Japanese science might be seen at supportive, less risky, or uncreative, yet this was not entirely what I saw in the posters. It was fun and the questions driving the work seemed to be shaped by the social contexts in which the researchers were raised. The work on children’s responses to peer presence in learning situations is a good example. Studies on brand addiction or peer pressure within a positive moral setting are not likely to have emerged from the United States because there the individual remains the primary subject of most cognitive research.



Unlike the basic and academic researching systems in the United States, which pin research to funding sources, Japanese laboratory heads are evaluated by results. Researchers in North America must present clear stories that connect anticipated results with specific social and scientific goals before the work is conducted. This helps gather support and shape the means for evaluation, i.e. one paper per grant. And, as long as the lab is funded, it remains open. For the time being, Japanese lab heads are funded for long-term research plans, not for individual projects. They are able to control how the work is done, and shape their stories as the data emerges over a prolonged period. Their work is assessed according to the way the work has developed and the communication of interim results is often more focused on raw data than on merit. I suspect that more Japanese researchers will be less reluctant to communicate untested ideas as the competition for funding heats up in Japan.

As I pondered the future of Japanese neuroscience, a former student of the institute stopped by the RIKEN booth to relax. She was tired of standing at posters and eager to meet old friends. As the young Swiss researcher sank into the sofa, I asked her about Japanese researchers and the research they present.
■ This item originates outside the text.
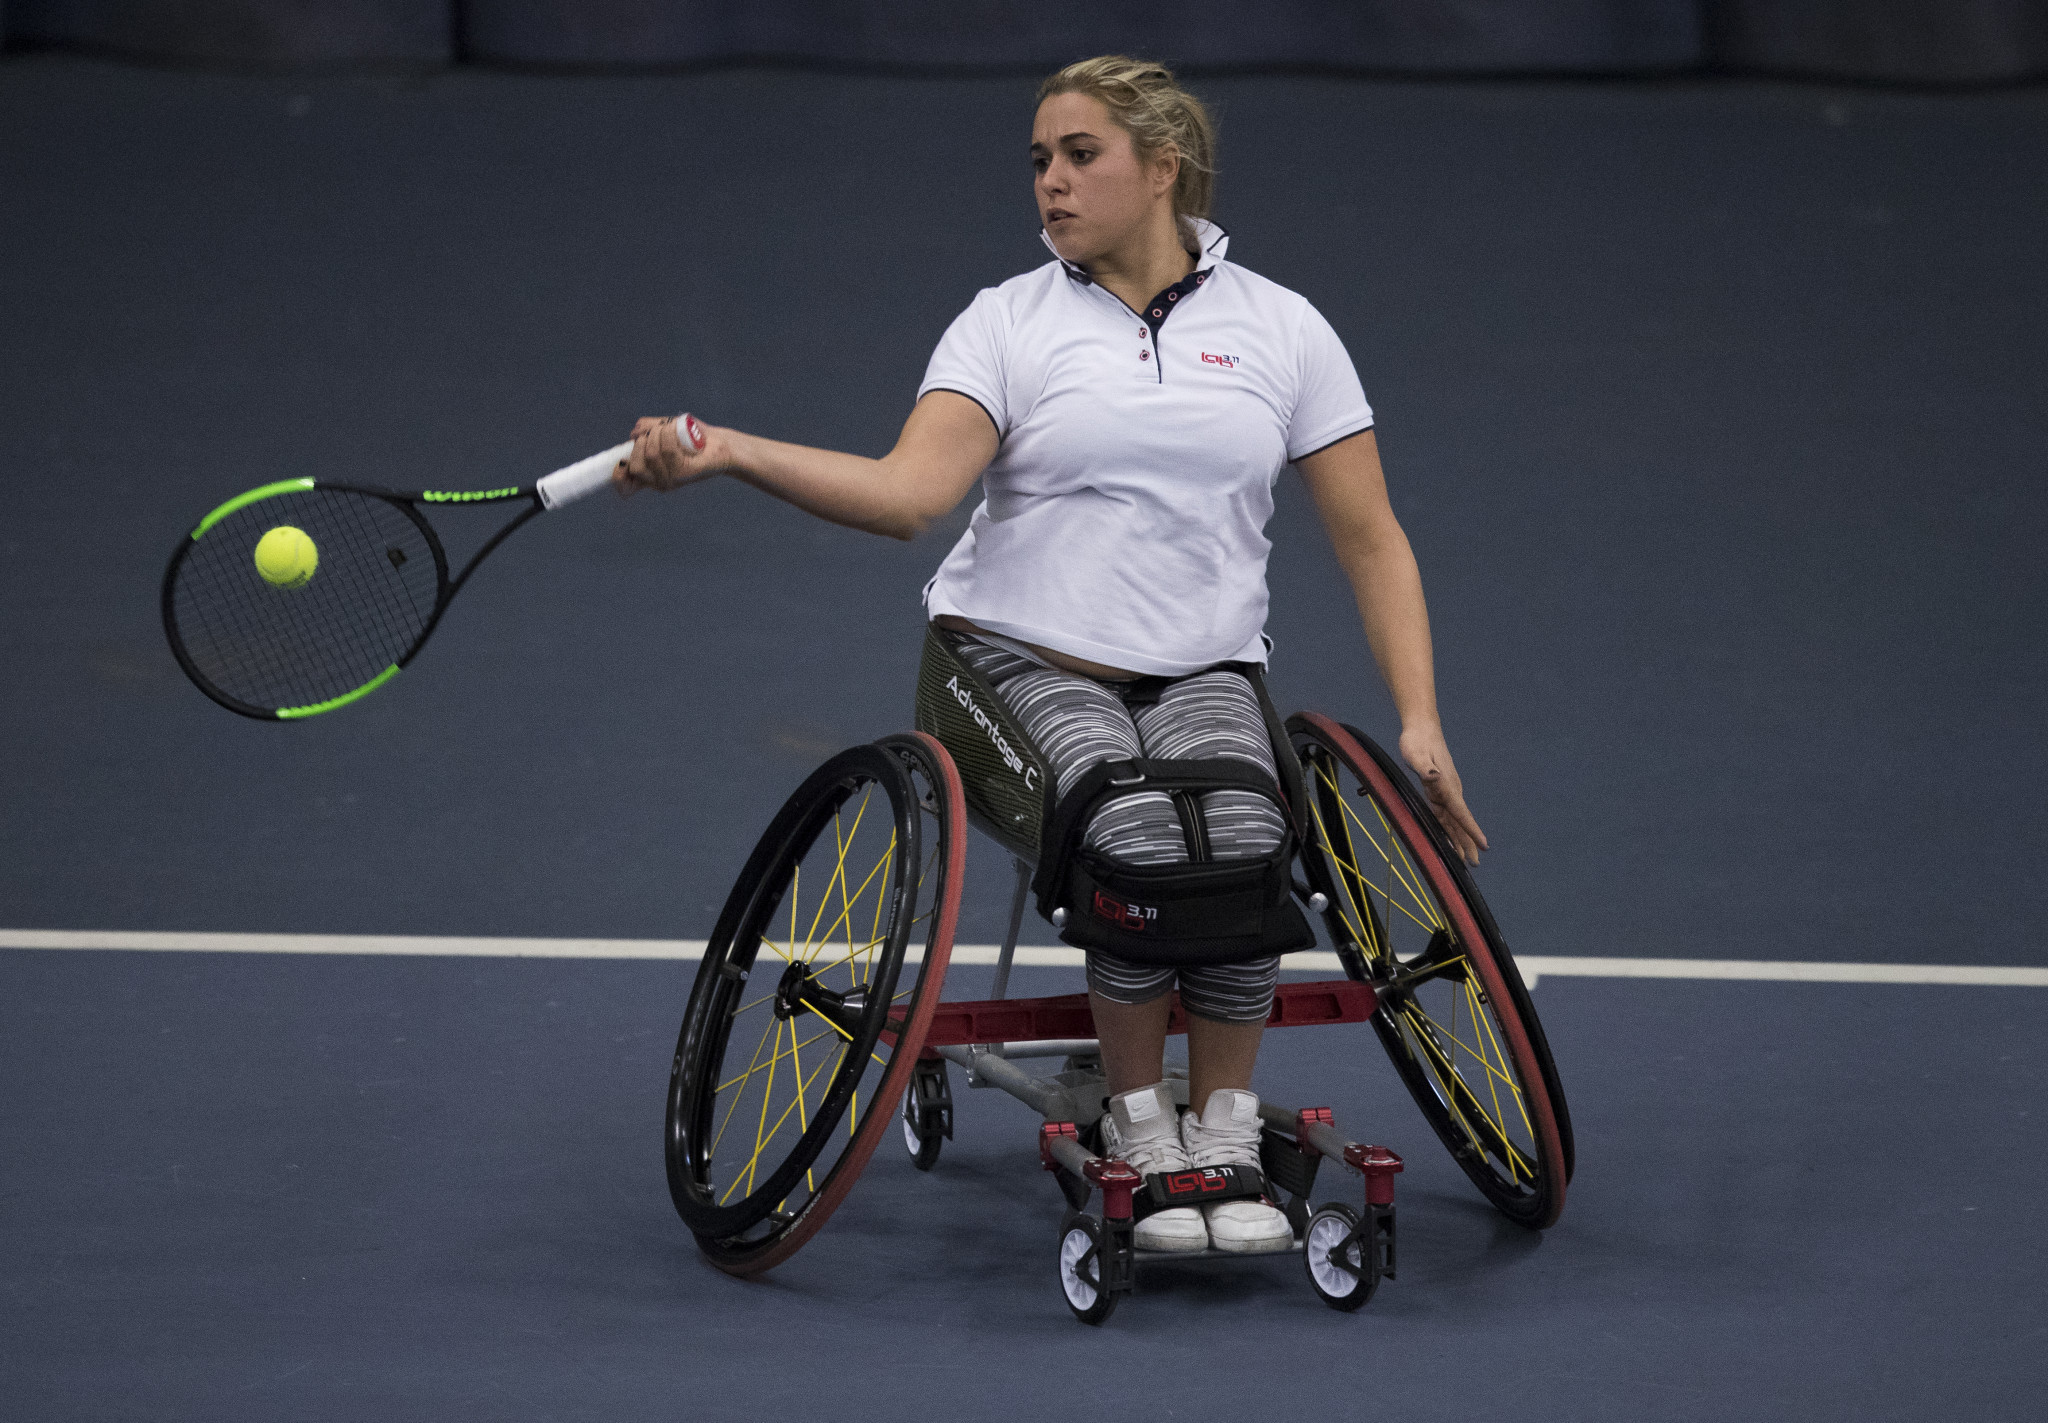 Capocci earns women's singles semi-final place at Wheelchair Tennis Masters in Orlando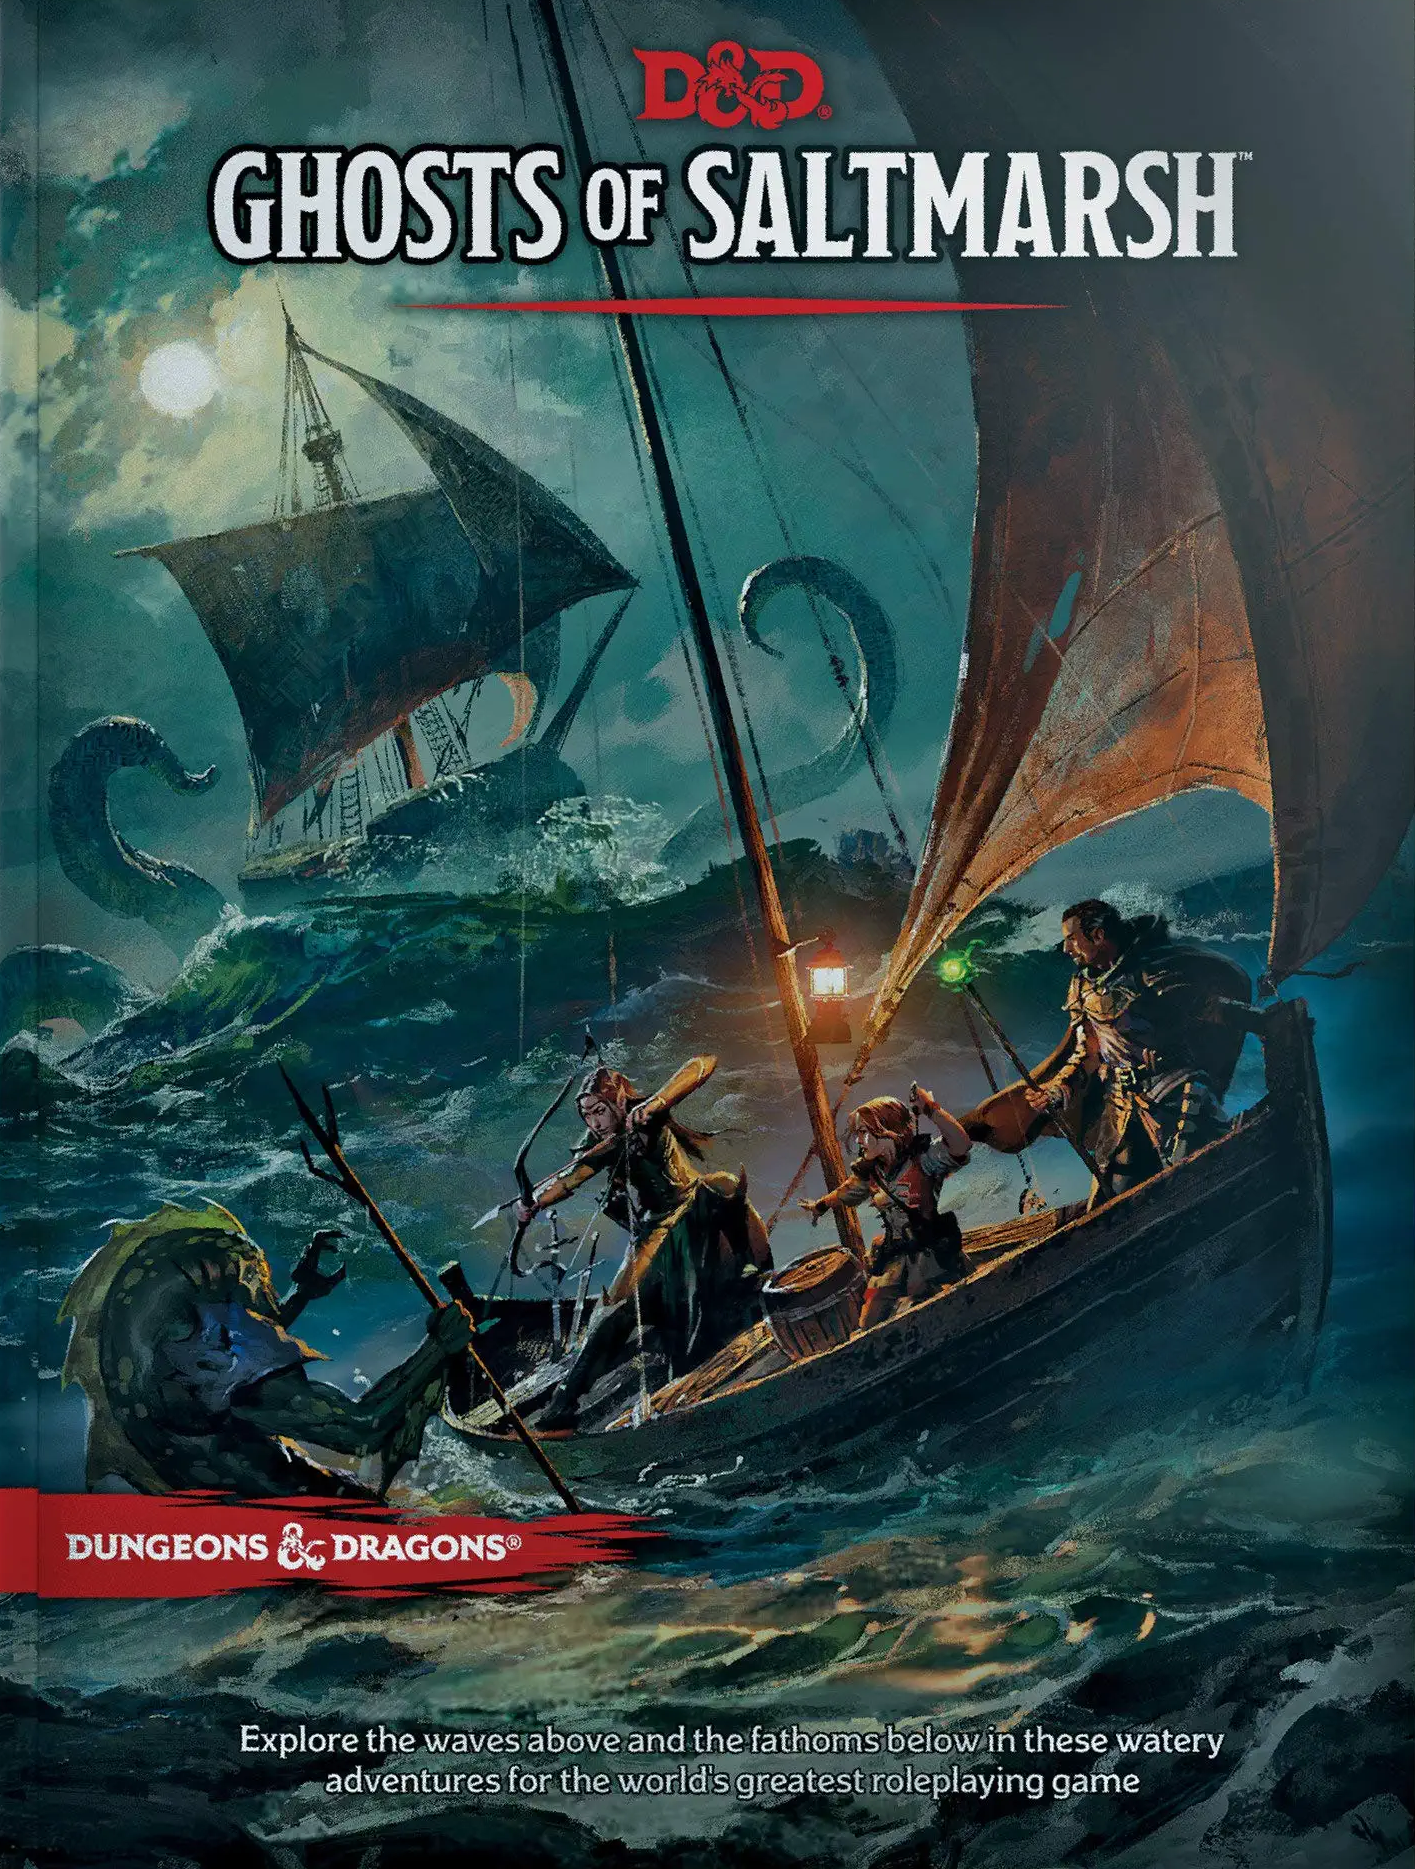 ghosts-of-saltmarsh-best-dungeons-and-dragons-book

It seems the stories get lost in translation. “Sometimes, it is hard to see where they are coming from. I looked at a poster of a colleague and did not understand the work,” she said laughingly, “and we worked together.” She added that she is eager to return to Japan, because learning the stories is what opens the doors to truly novel findings.


Bonnie Lee La Madeleine is program coordinator for the RIKEN Brain Science Institute.